■ **WHAT YOU HAVE TO DO**
Set down nothing but the lines from the one containing "Furniture: Modern White" to the final line of the material, exactly as written, and drop the pictures.

────────────────

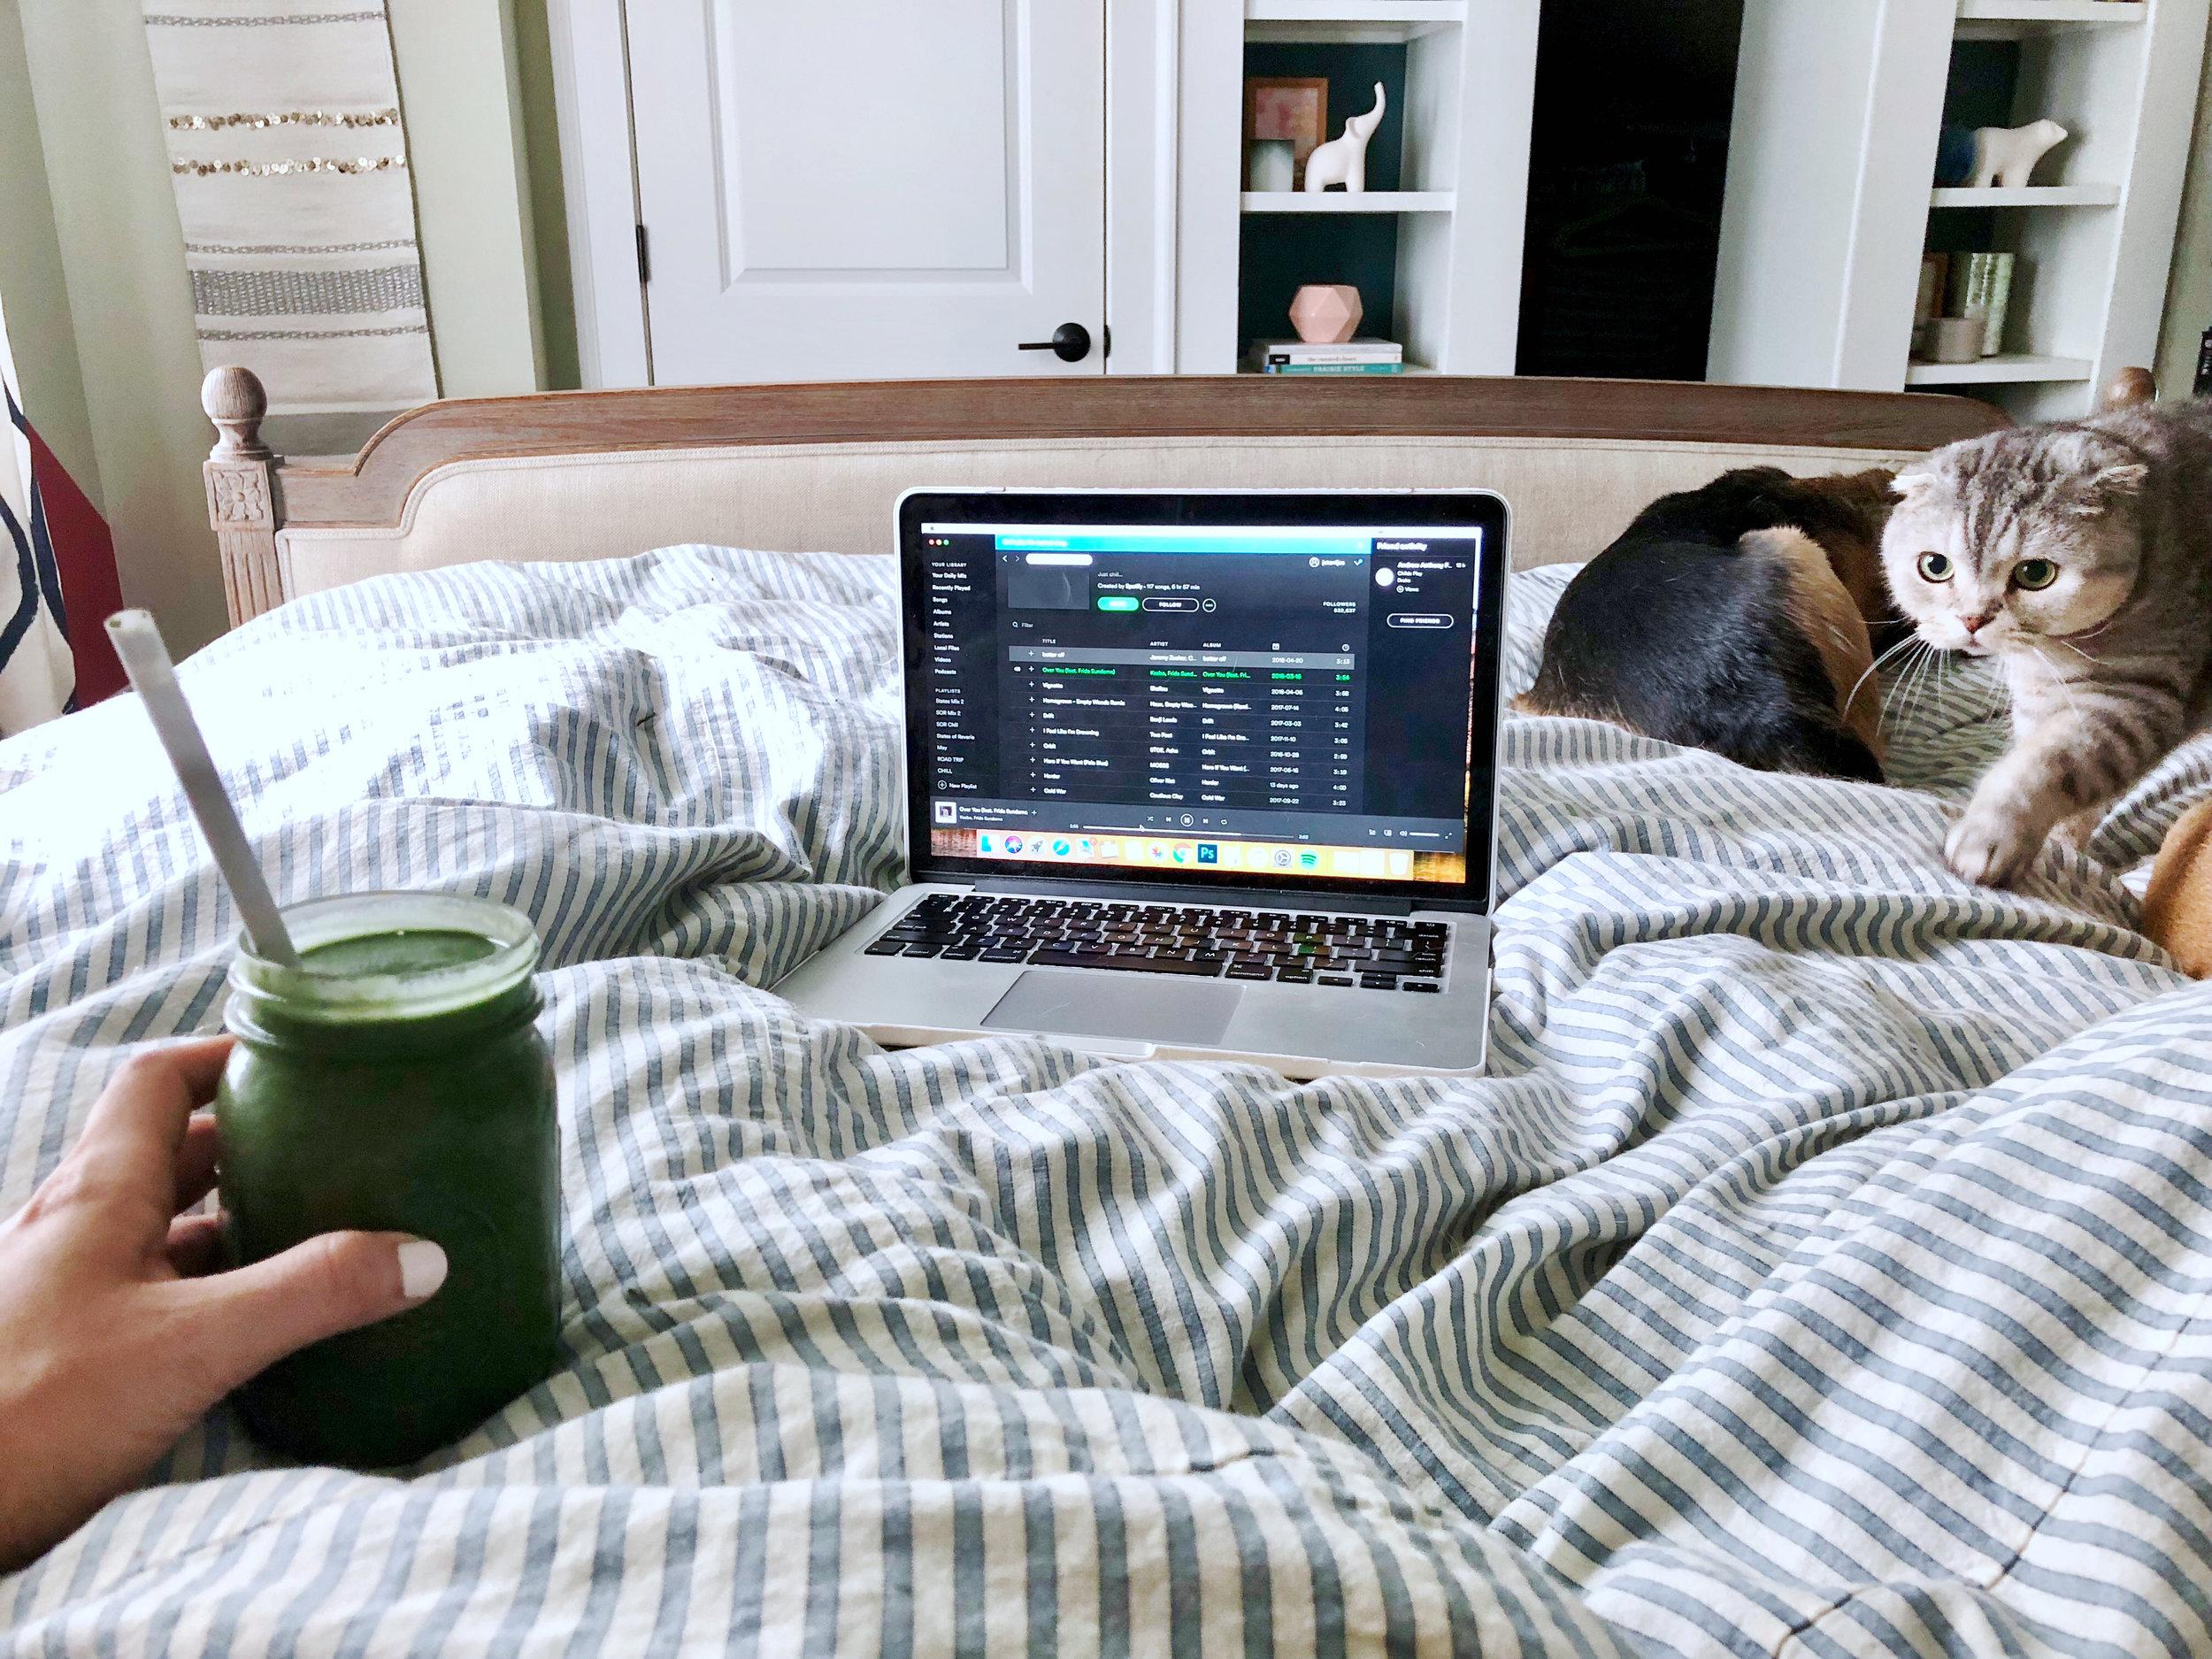 jo-torrijos-states-of-reverie-quiet-music-morning.jpeg
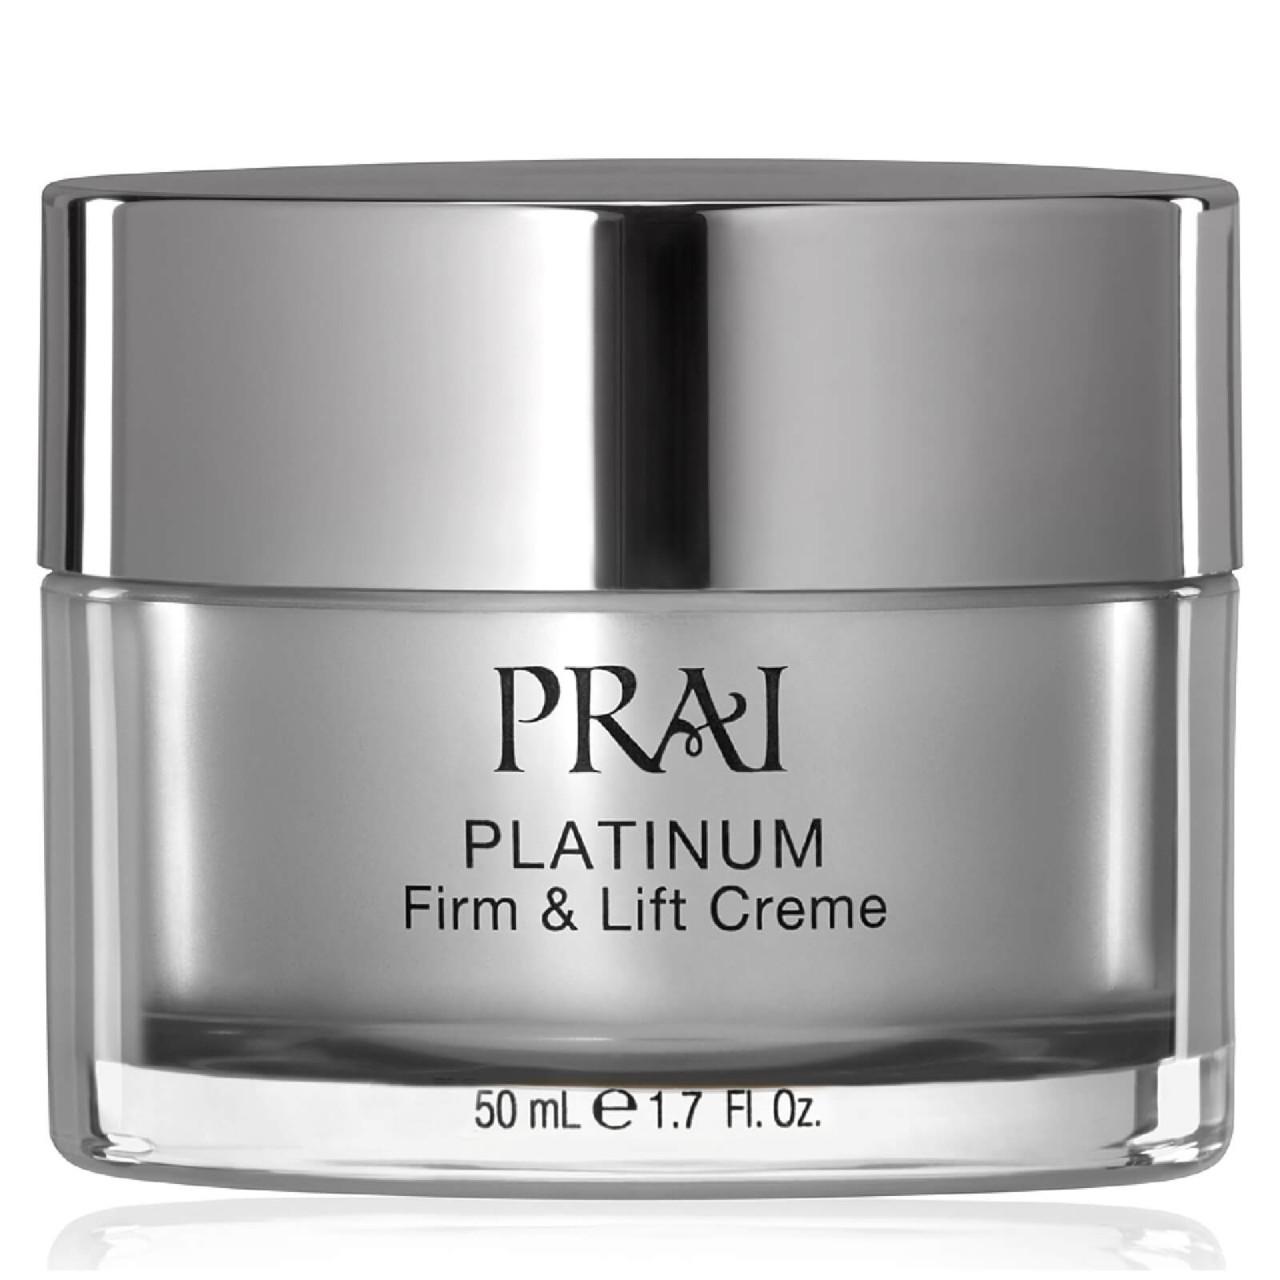 Prai Platinum Firm & Lift Crèm
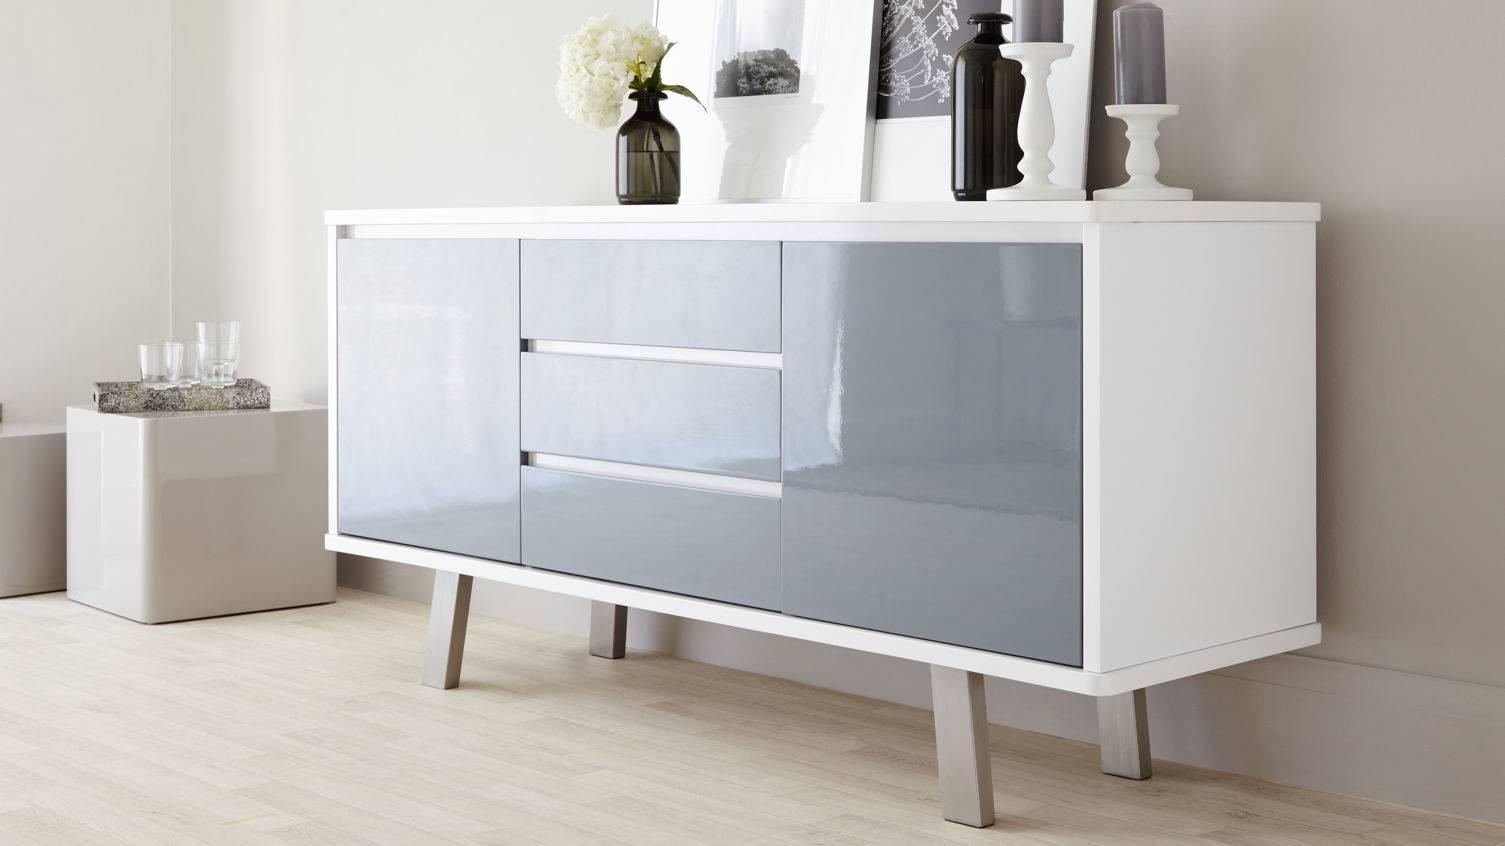 Furniture: Modern White And Grey Gloss Modern Sideboard With With Regard To Grey Gloss Sideboard (#8 of 20)
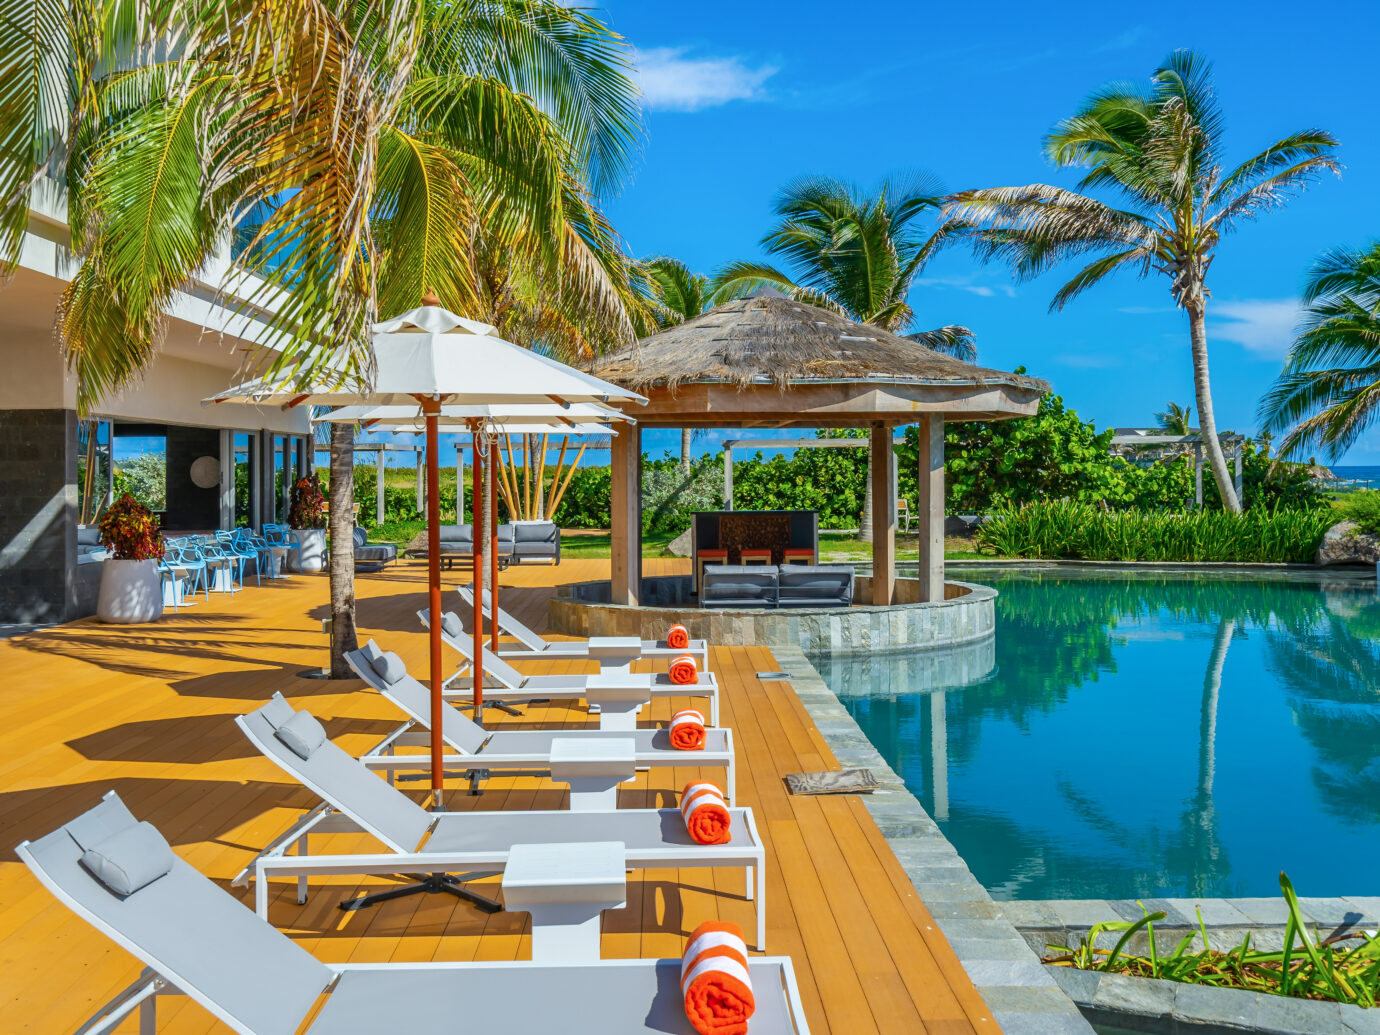 Pool at Koi Resort St Kitts
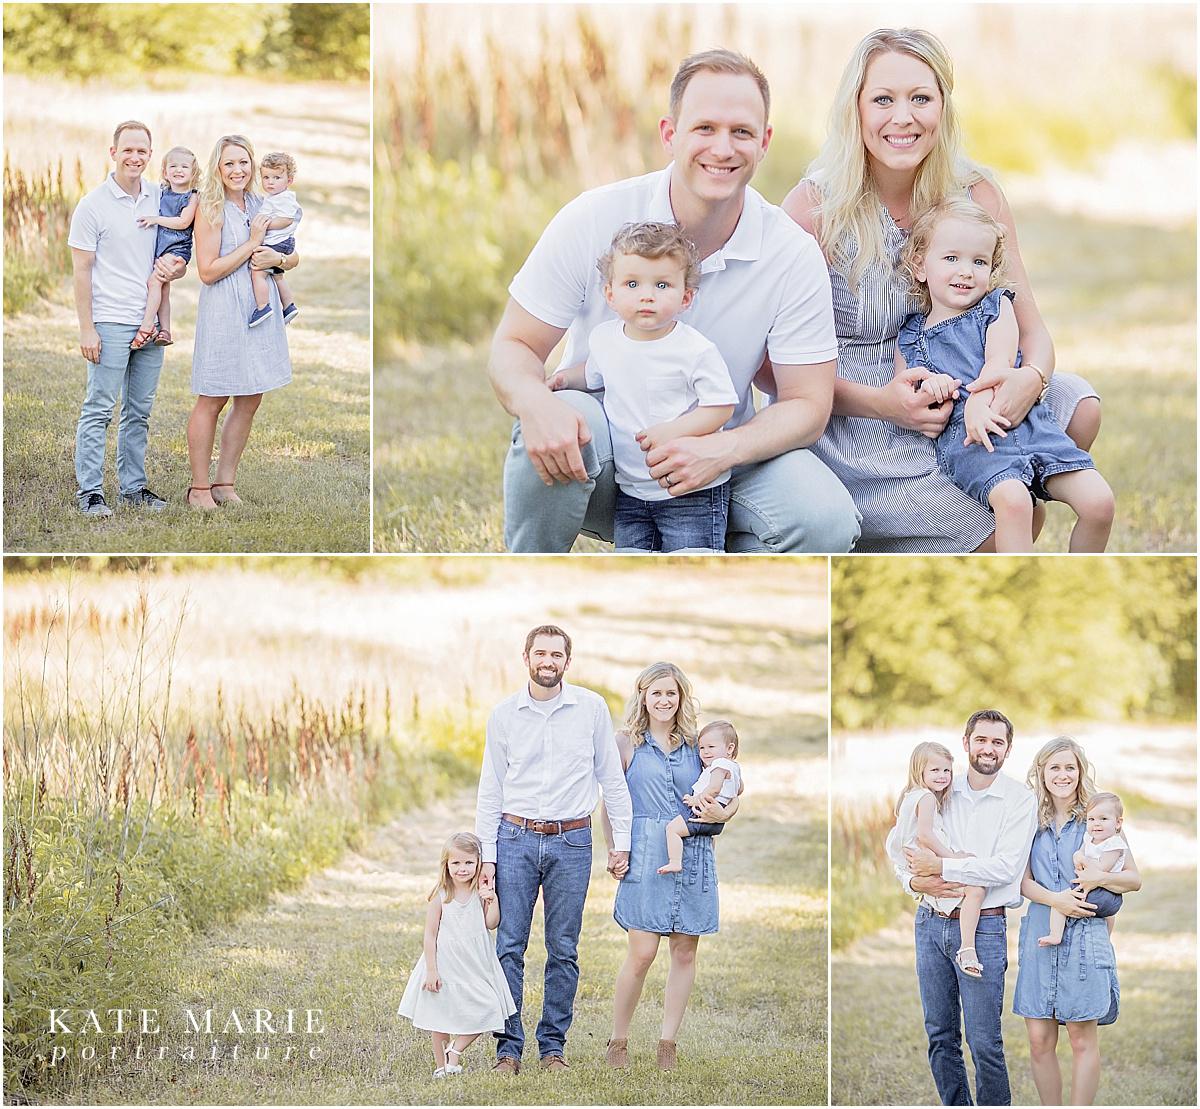 Miller-Dallas-family-photographer-flower-mound-child-photographer-katemarieportraiture-2.jpg

────────────────

■ **SOLUTION BELOW**
 Furniture: Modern White And Grey Gloss Modern Sideboard With With Regard To Grey Gloss Sideboard (#8 of 20)
 Pool at Koi Resort St Kitts
 Miller-Dallas-family-photographer-flower-mound-child-photographer-katemarieportraiture-2.jpg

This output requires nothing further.